Abbreviations: AQ: Aggression Questionnaire, BG-LHA: Brown-Goodwin Lifetime History of aggression, BDHI: Buss-Durkee Hostility Inventory, DIB-R: Diagnostic Interview for Borderlines- Revised, CTS2: Revised conflict tactics scale, DAPP-BQ: Dimensional Assessment of Personality Profile Basic questionnaire, IPDE: International Personality Disorders Examination, LHA: Life History of Aggression, MAPP: Multi-Source Assessment of Personality Pathology, m SCID-II: Structured Clinical Interview for DSM-IV Axis II Personality Disorders, OAS-M: modified Overt Aggression Scale SIDP-IV: Structured Interview for DSM-IV Personality.

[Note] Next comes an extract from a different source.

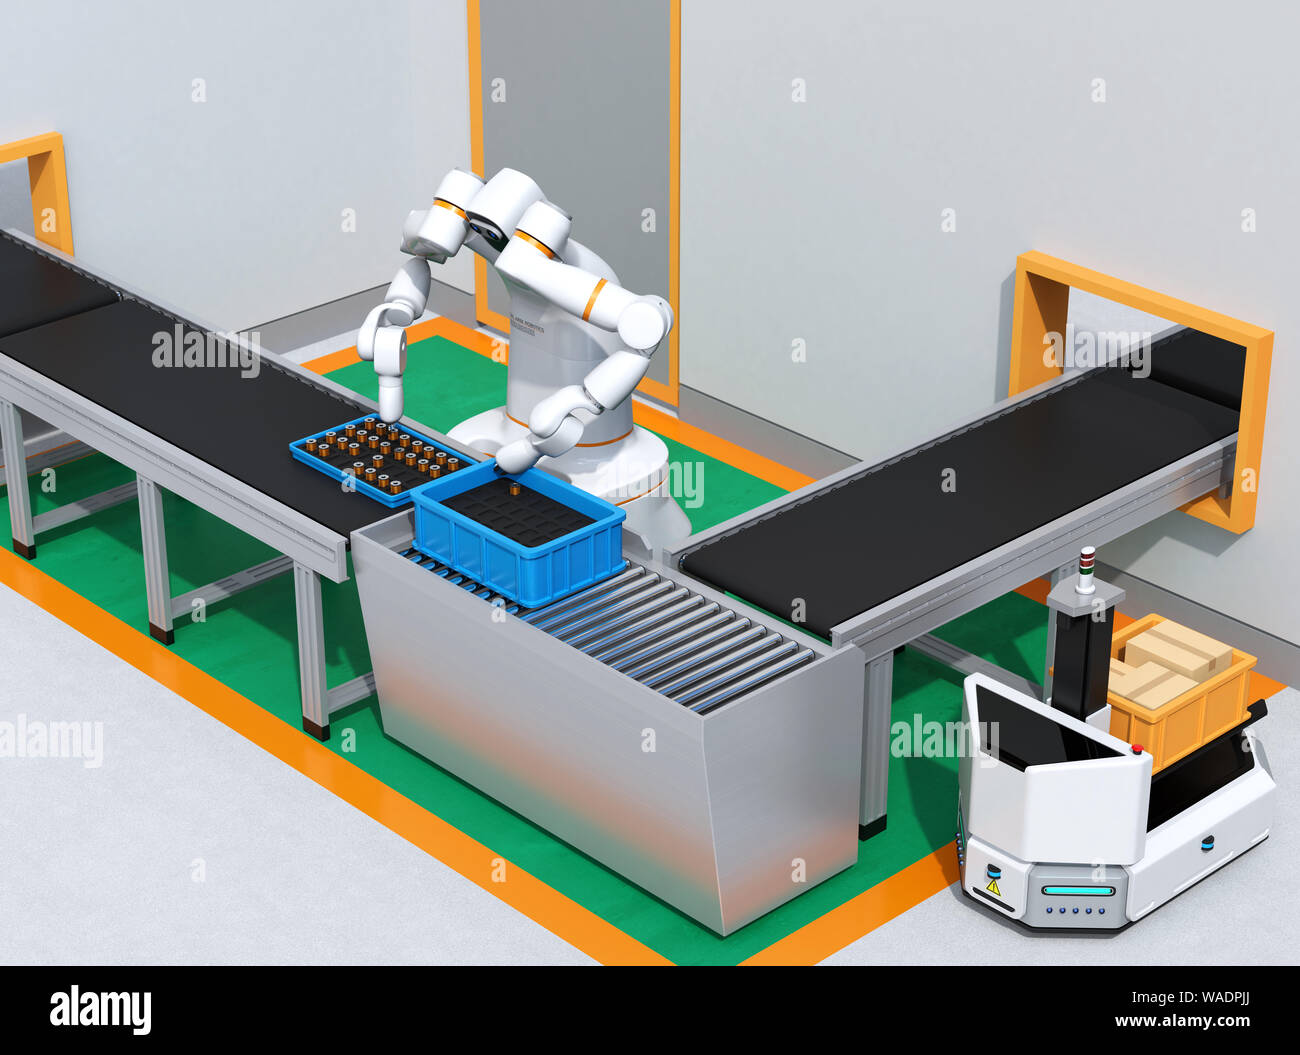 Dual-Roboter des Motors der Spulen in der Zelle - Produktion. Kollaborative Roboter Konzept. Original Design. 3D-Bild. Stockfoto
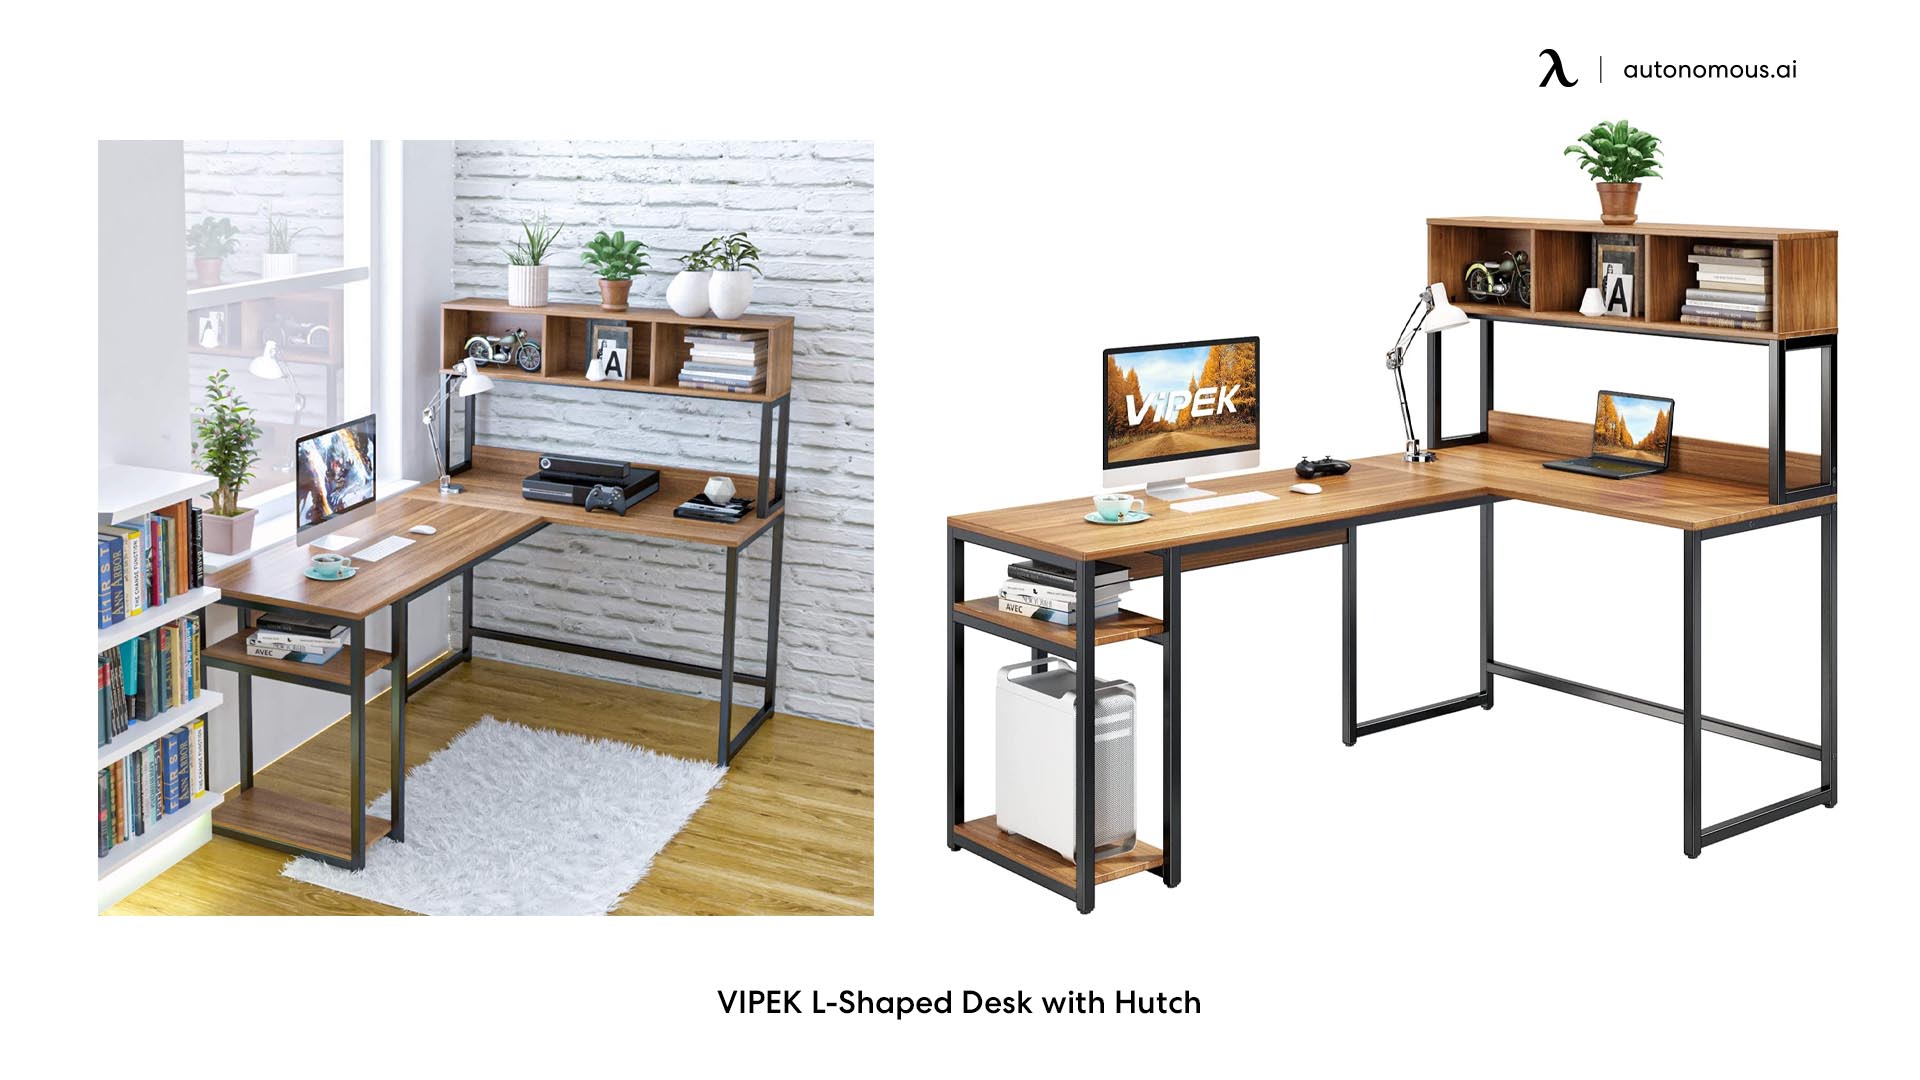 Vipek L-shaped Desk

Using the Brown-Goodwin Lifetime History to measure aggression in BPD patients, some [26,27] but not all [28] studies reported enhanced aggression in the male compared to female patients. Data from studies applying the Buss-Durkee Hostility Inventory are inconsistent: One study using this instrument [26] found more aggression in male than in female BPD patients, while another study did not [29]. No differences between male and female BPD patients were found in studies using the Buss and Perry Aggression Questionnaire [6], the Modified Overt Aggression Scale [29], and the Life History of Aggression [4, personal communication]. The Modified Overt Aggression Scale was also applied in a study by Silberschmidt and coworkers [30]. This study is remarkable for its large sample size particularly with regard to male subjects (559 female and 211 male BPD patients) [30]. However, despite adequate statistical power, no difference between male and female BPD patients emerged. Instead, this study revealed enhanced hostility of female compared to male patients. More recently, Scott and colleagues [31] performed a prospective study in a mixed clinical and community sample and used the Revised Conflict Tactics Scale as a measure for aggressiveness. They also demonstrated that the relationship between BPD traits and aggression was not influenced by gender. This is consistent to the findings of another longitudinal study in which no gender differences were found in a threefold aggression measurement consisting of arrest records, collateral informants, and patient self-reports [3].
When evaluating these results, the sample characteristics of the respective studies need to be taken into account: All of the patients in the study of New et al. [29] suffered from comorbid intermittent-explosive disorder. Additionally, roughly one third of the BPD patients in the cited studies (specifically: 26% in [27], 24.2% in [28], 31.5% in [6], 26% in [29], and 33% in [3]) fulfilled the criteria of ASPD. Although gender ratios in comorbid ASPD are not consistently reported, this high amount of comorbidities with other aggression-predisposing disorders limits the ability to draw BPD-specific conclusions and warrants caution when interpreting the results.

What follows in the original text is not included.